A lot. And now Poppy was driven to have her own place. She was also scared of failing. The girl who used to take on any challenge must’ve had a few hard knocks on the way.

“Well, dishes are done.” She brushed her hands down her leggings. Could I write the makers of athleisure wear a thank-you card? The way the material clung to her legs and I could witness the flex of her quads was a vision I’d never forget. Then she turned, and I nearly groaned.

Her ass. My palms tingled to touch it, to run my hands over those globes and feel how tight her glutes were. The room grew uncomfortably hot, and I was so busy getting myself under control that I almost missed what she was saying.

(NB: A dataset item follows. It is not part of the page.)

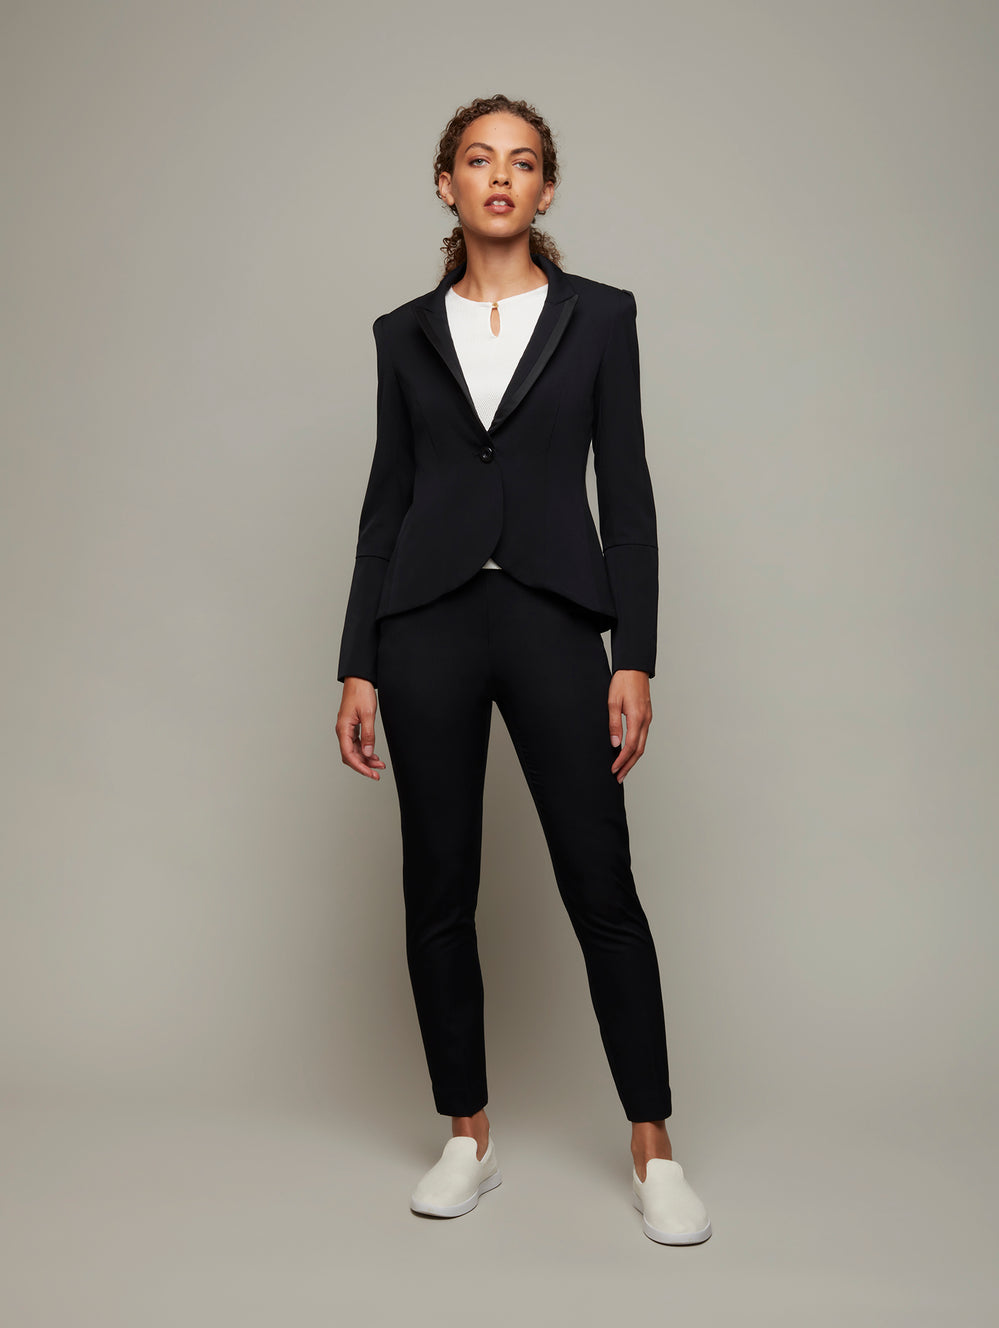 DEPLOY womenswear fitted black suiting tux jacket front view

“…for the night. Let you be and have your house to yourself.” She threw a parting wave as she headed for her room.

Having this place for just me and my son had never been the plan. “What do you normally do?” I stopped myself from speeding after her. I was casual. Nonchalant. Not at all hoping she wouldn’t squirrel herself away for the entire evening.

“Hey!” Auggie charged in from upstairs. “Can I play outside?”

He knew he could go out whenever he wanted. We’d talked about the rules, and I would often go out with him. As an only child, he could get bored and ten-year-olds with nothing to do usually found trouble.

“I’ll go out with you.” Then I wouldn’t pant after Poppy like the lonely fucker I was.

If only I could blame loneliness. The blood gathering in my dick and my inability to take my eyes off her round ass and her high tits might be an influence.

“Mind if I go out to play with you?” she asked timidly, like she was afraid we’d tell her it was boys’ night.

I’d never exclude her. Every night could be a Poppy night.

I found Poppy Duke sexy as hell.

Shit.

This was a problem. She trusted me. I had to be a good roommate and keep my lusting to myself.

But it’d been a while since I’d taken notice of a woman.

Sure, my body had been telling me that it’d been more than a minute since I’d been with anyone, but there was no one particular person I fantasized about.

That had changed with Poppy under my roof.